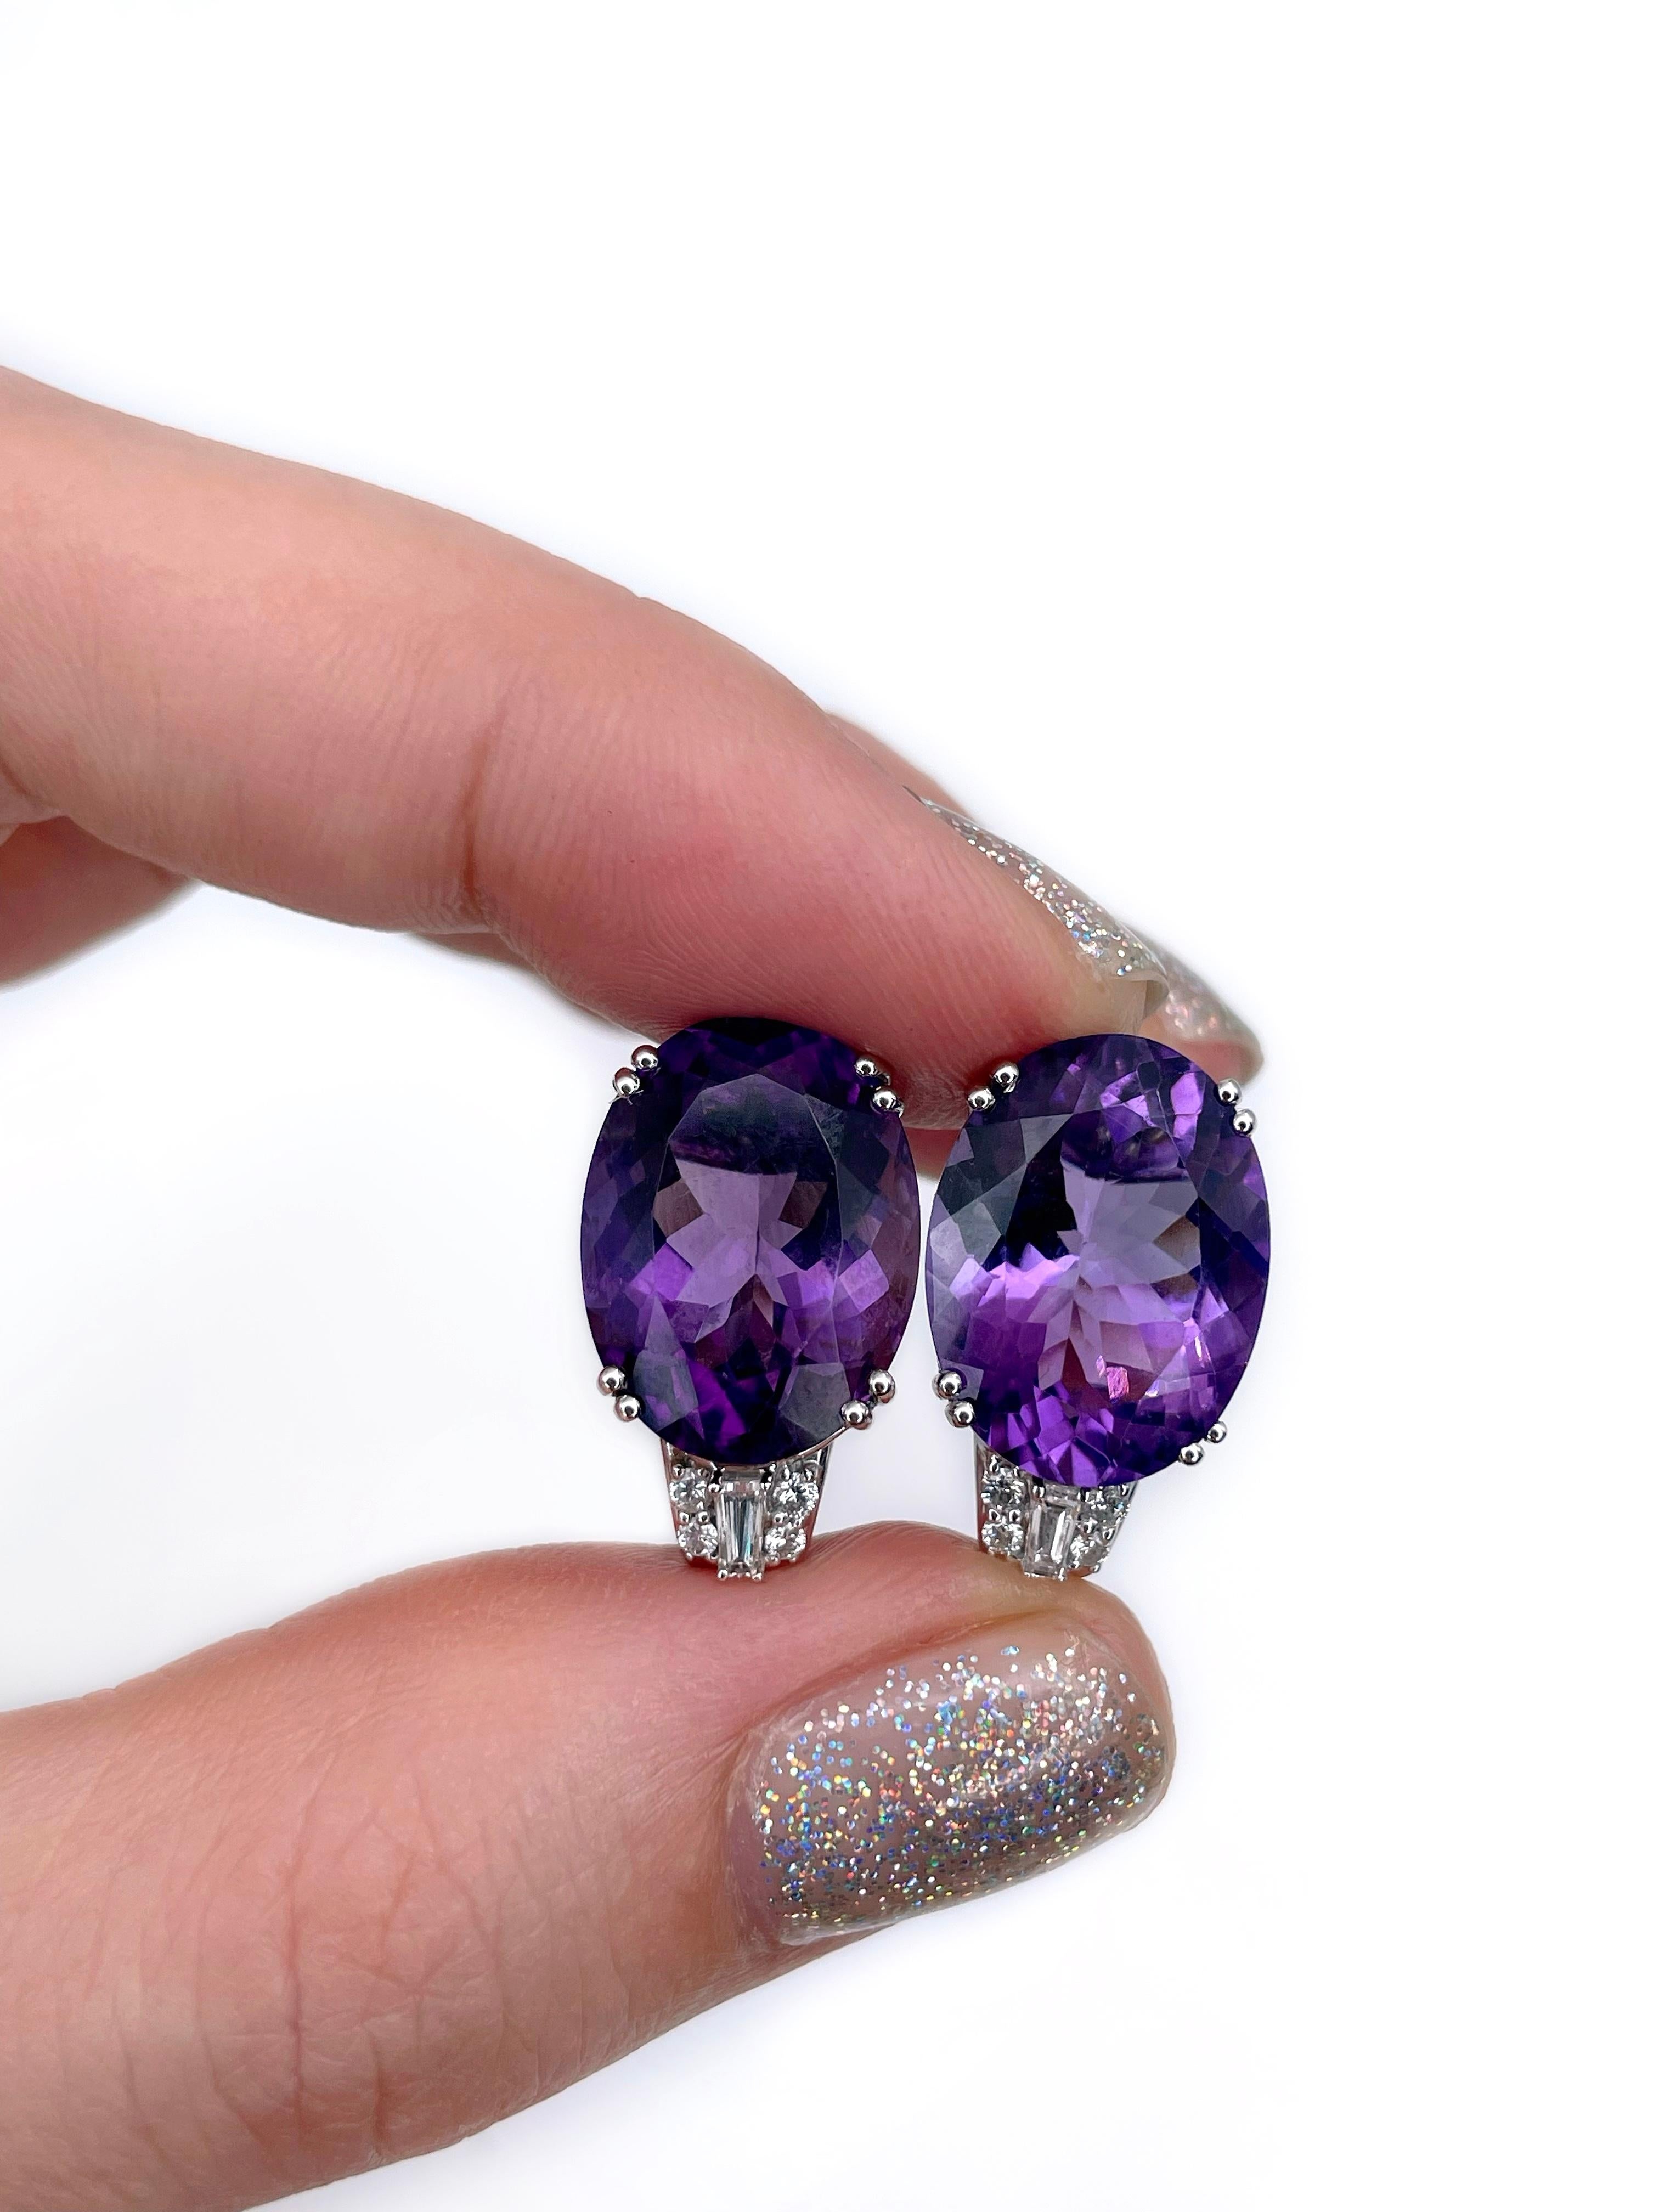 This is a stunning pair of stud earrings crafted in 18K white gold. The piece features 2 oval amethysts. The gems are paired with diamonds: 
- 8pcs., round brilliant cut, 0.11ct, RW-W, VS-SI
- 2pcs., trapeze cut, 0.10ct, RW-W, VS

Weight: 7.94g
▬▬▬
- Prompt
Give an exact copy of the listing above that leaves out every picture.

- Answer to this problem
 This is a stunning pair of stud earrings crafted in 18K white gold. The piece features 2 oval amethysts. The gems are paired with diamonds: 
- 8pcs., round brilliant cut, 0.11ct, RW-W, VS-SI
- 2pcs., trapeze cut, 0.10ct, RW-W, VS

Weight: 7.94g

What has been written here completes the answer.